Kepler telescope can’t be fixed

                                 

Since its launch on March 6, 2009, the $600 million Kepler space telescope has been hunting for planets outside Earth’s solar system. And to date, it’s turned up thousands.  But in July 2012, the National Aeronautics and Space Administration announced that one important part on the spacecraft had failed. In May of this year, a sister part failed. NASA initially hoped it might fix the broken parts. No more. On August 15, space-agency officials announced that Kepler’s damage was beyond repair.
The spacecraft relies on four “reaction wheels” to help turn the telescope toward the stars that scientists want to target. Two of those reaction wheels no longer work correctly. By losing the ability to precisely point the spacecraft toward targeted stars, the telescope can no longer detect the small dips in starlight that signify the existence of distant planets.
Last month, engineers forced each of the faulty wheels back into action, one at a time. But as each spun, it encountered unexpectedly high friction. This resistance to spin is a death sentence for telescopes that rely on reaction wheels.
Earlier this month, engineers tried to direct the telescope using the remaining two healthy wheels and the better of its two troubled ones. All seemed to work fine for about six hours. But then the telescope automatically turned itself off. The reason: The faulty wheel again had encountered too much friction.

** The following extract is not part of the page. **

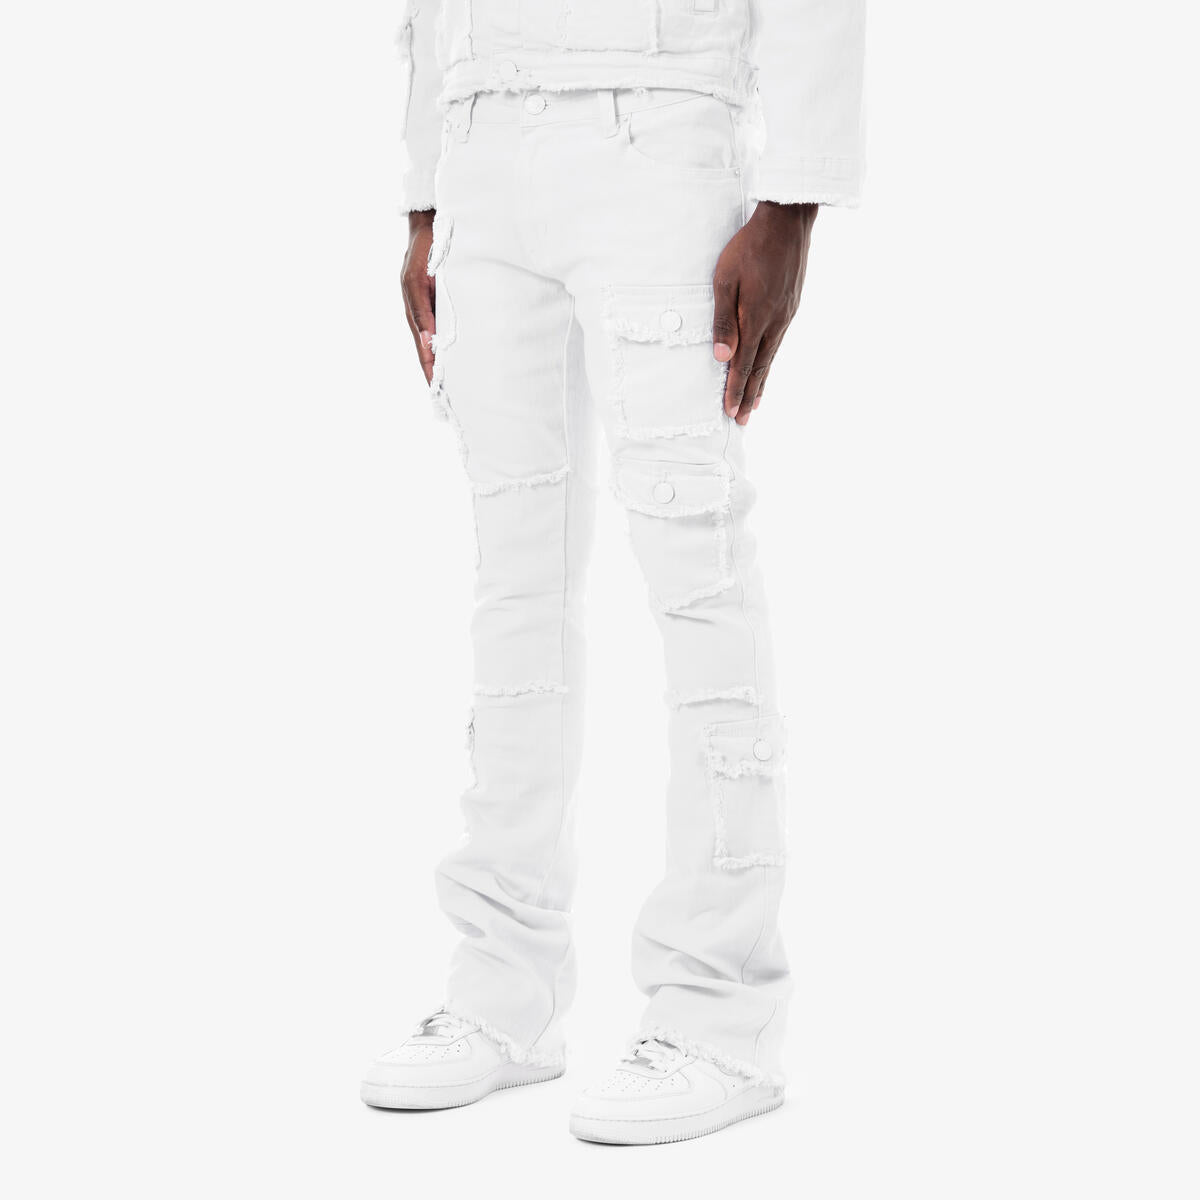 Copper Rivet White Multi Pockets Stacked Flare White Denim Jeans

“The wheels are sufficiently damaged that they cannot sustain spacecraft pointing control” — at least not for long, reported Charles Sobeck in a telephone briefing for reporters. He’s Kepler’s deputy project manager and works at the NASA Ames Research Center in northern California.
The good news: The spacecraft is not dead. In fact, Kepler scientists are now exploring what the telescope might be able to do with just its two undamaged reaction wheels. NASA had planned to spend roughly $18 million on Kepler experiments this year. Soon, the space agency will decide whether to go ahead and spend all or part of that money for a reduced mission. It will, however, be a tough sell: Kepler’s precision focus is what made it an unprecedented scientific asset.
Prior to the Kepler mission, astronomers had identified an estimated 350 exoplanets — planets beyond the solar system. In just four years, the Kepler telescope found over 3,000 more.
Those numbers boosted the case for funding NASA’s next exoplanet-hunting mission. Called the Transiting Exoplanet Survey Satellite, or TESS, it’s scheduled for a 2017 launch. Unlike Kepler, which fixed its gaze on distant stars, TESS will focus on bright, nearby stars. If TESS finds planets around them, powerful telescopes like the upcoming James Webb Space Telescope will be able to probe their atmospheres.
The $200-million telescope on TESS will not be as sensitive as Kepler’s is. Still, the Kepler telescope was so successful at finding exoplanets that TESS scientists are hopeful theirs will uncover plenty of planets in our neighborhood, including a handful of Earth-sized worlds.